> [Assigned task] Drop all images. Then write out each line below exactly as given.

> [Information shown]

※ ※ ※

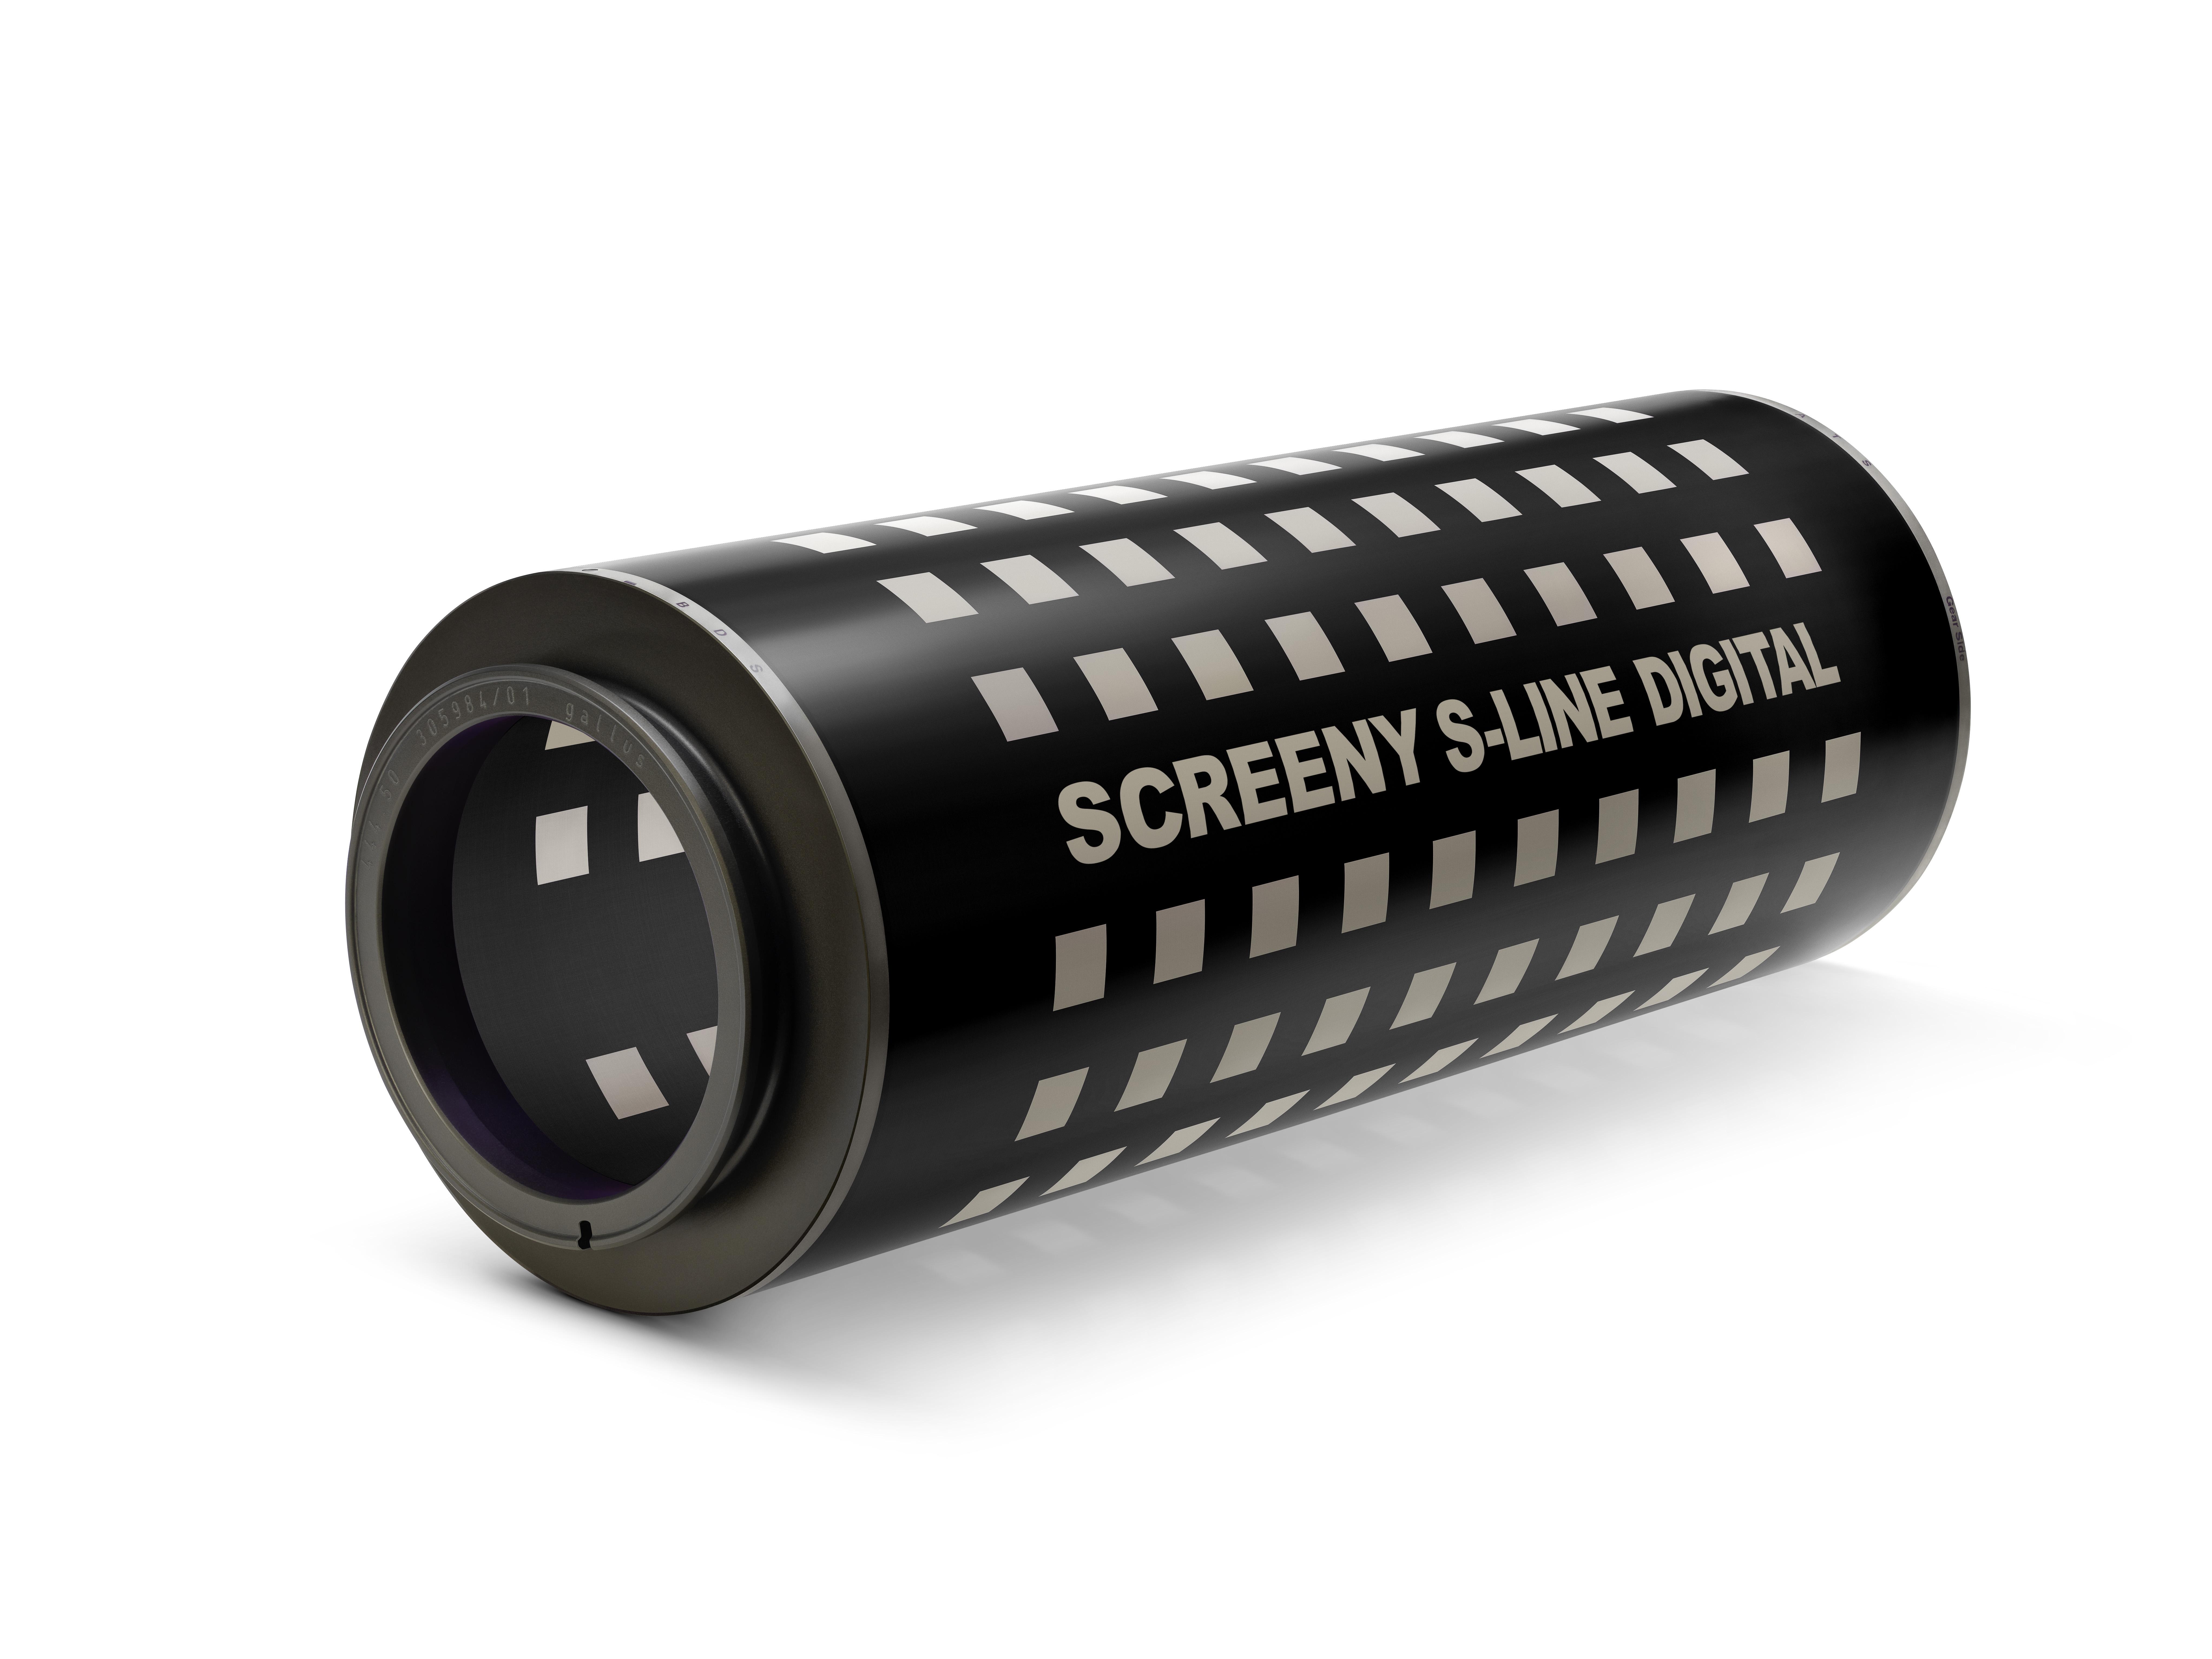 4_screeny_s-line digital_schatten
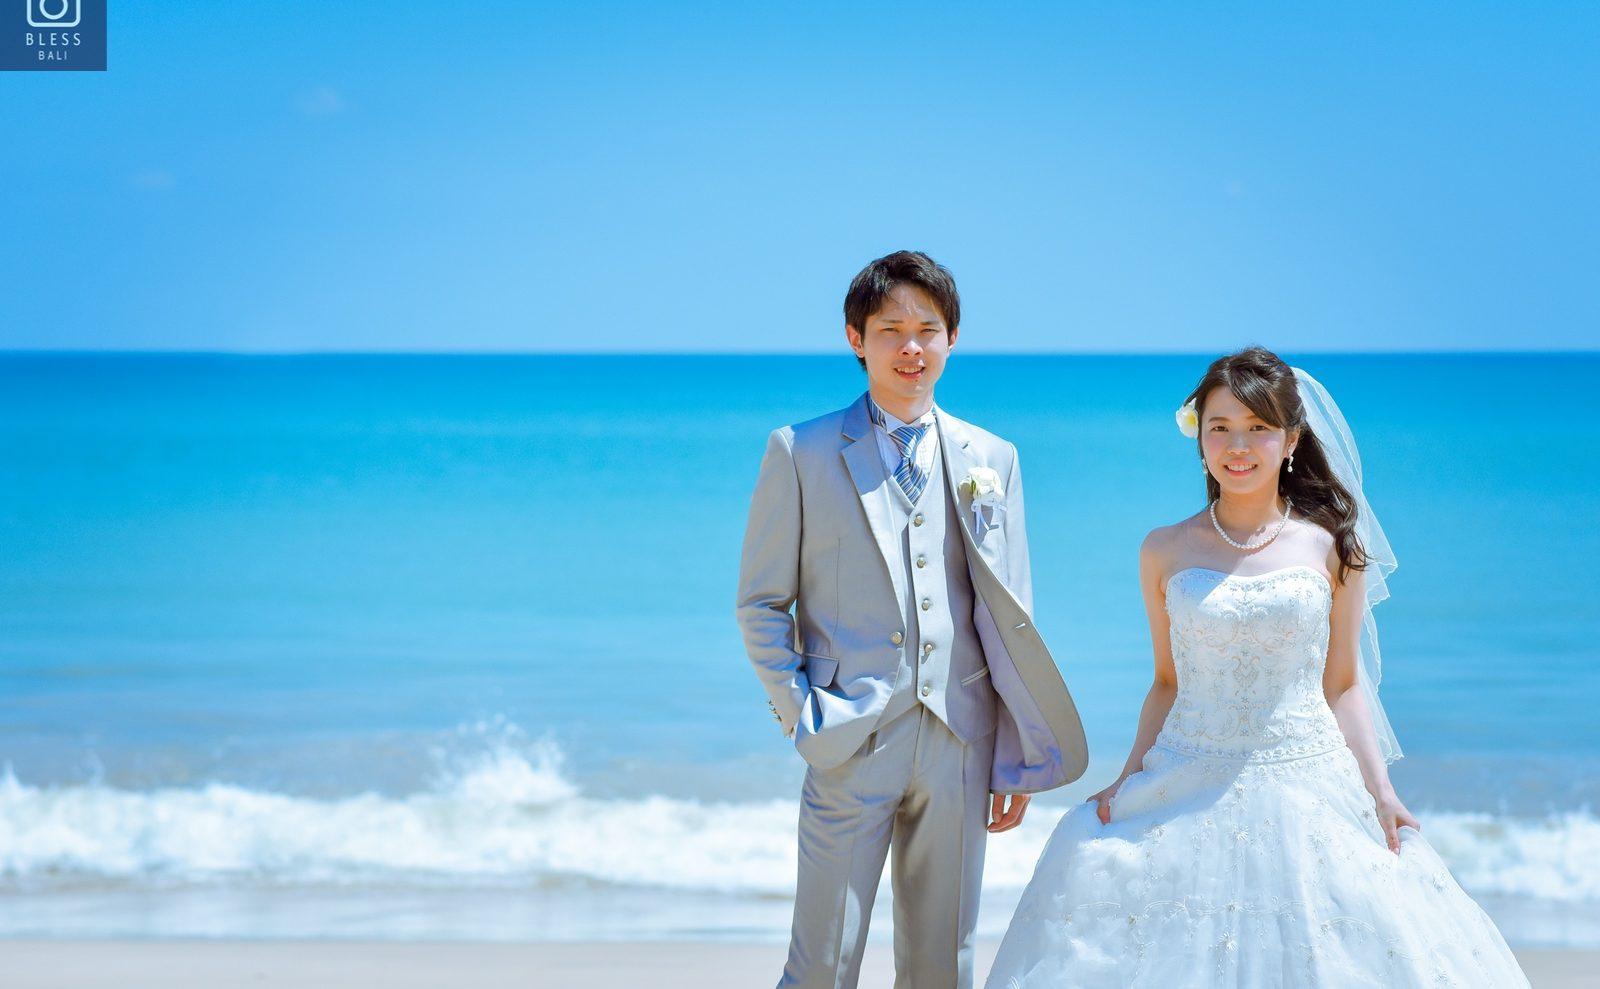 【お客様レポ#214】SAORI撮影!快晴のジンバランビーチでフォトウェディング C&T様
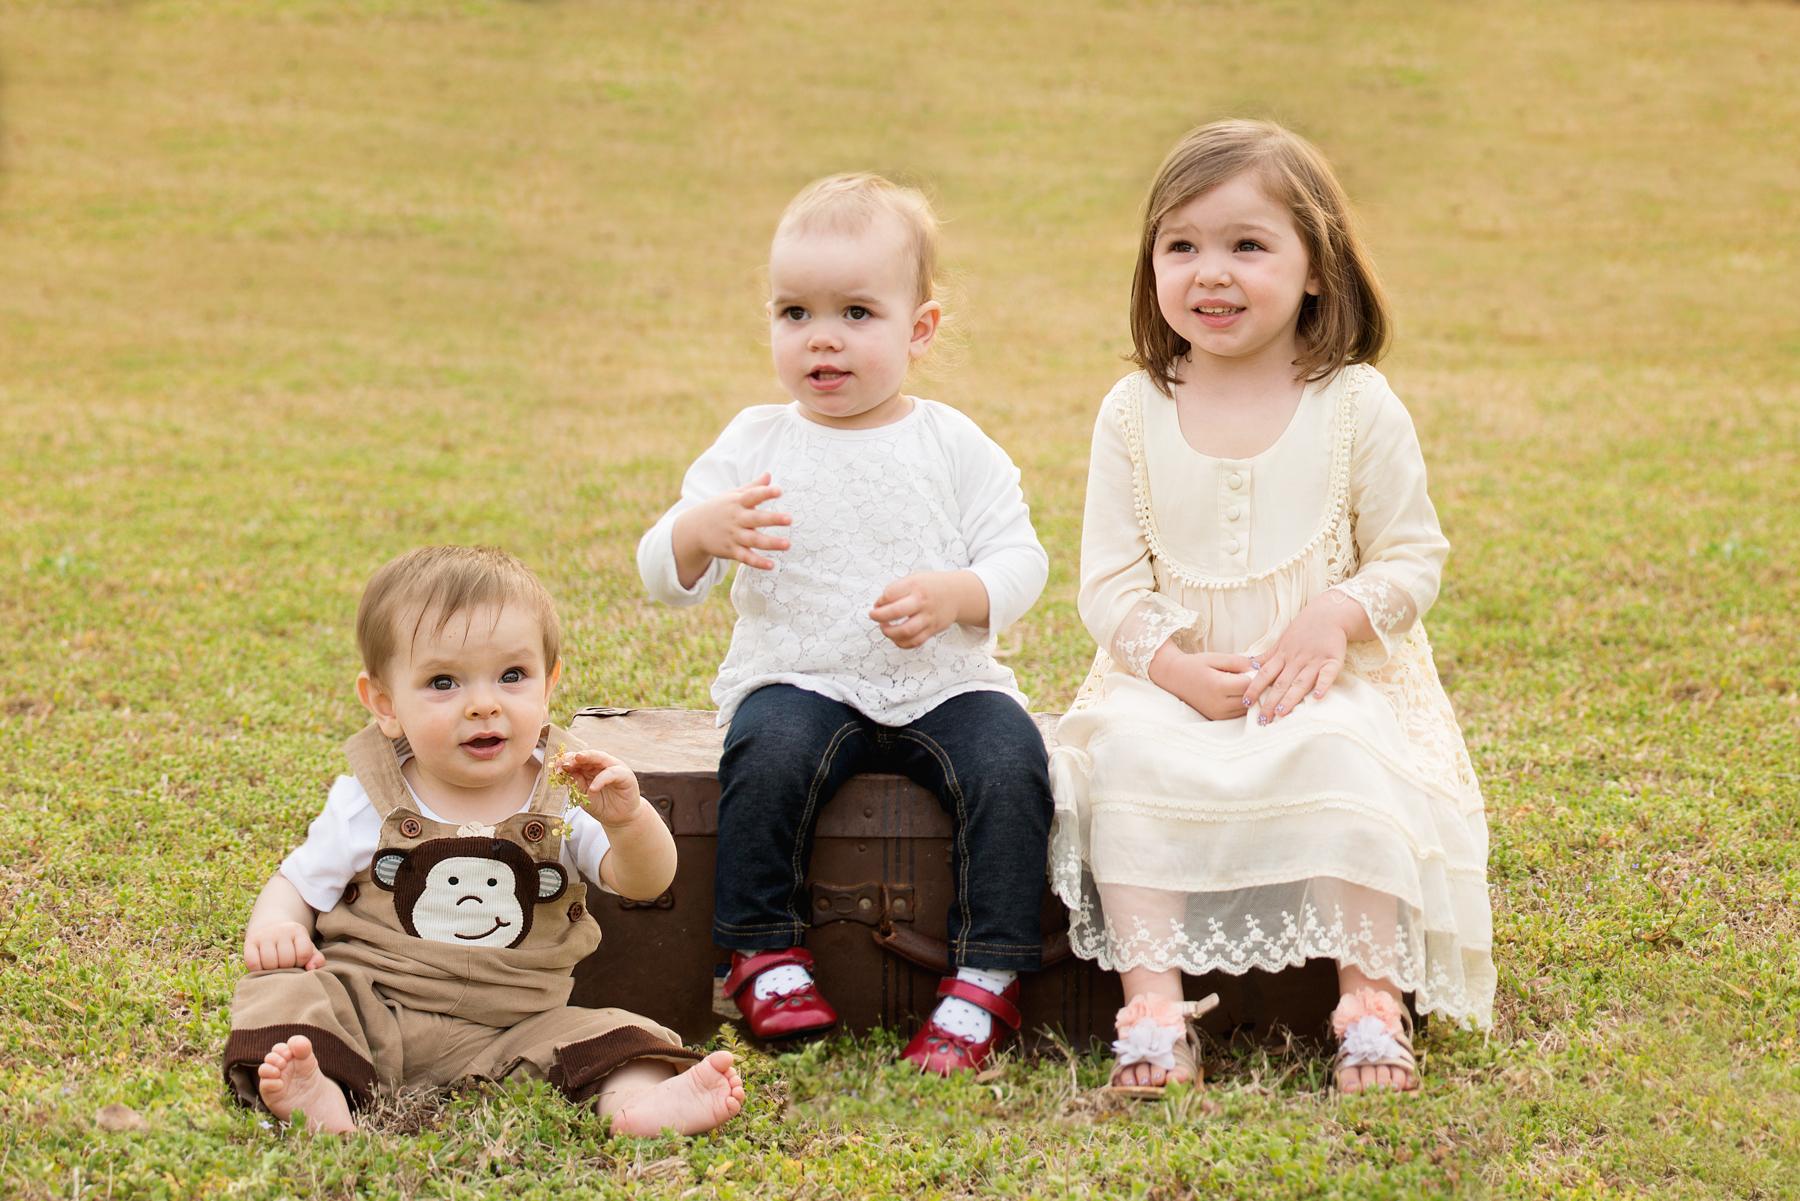 family_photographer-7.jpg
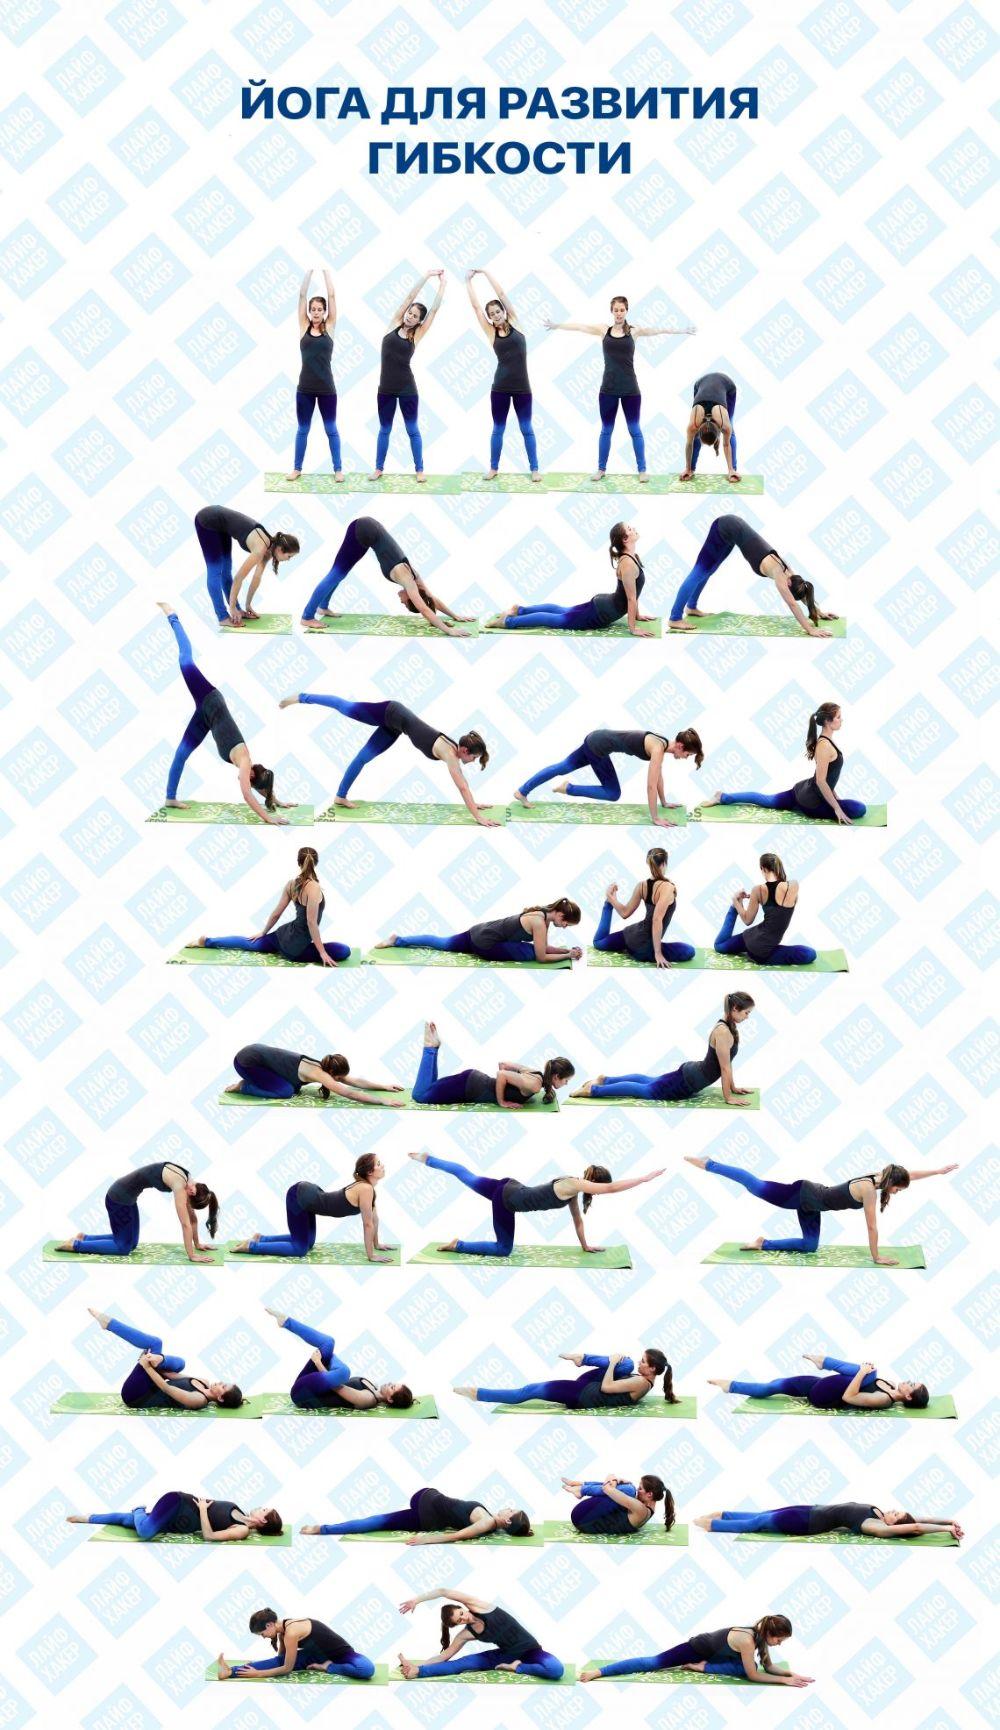 Подборка комплексов йоги

※ ※ ※

> [Solution]
 4_screeny_s-line digital_schatten
 【お客様レポ#214】SAORI撮影!快晴のジンバランビーチでフォトウェディング C&T様
 family_photographer-7.jpg
 Подборка комплексов йоги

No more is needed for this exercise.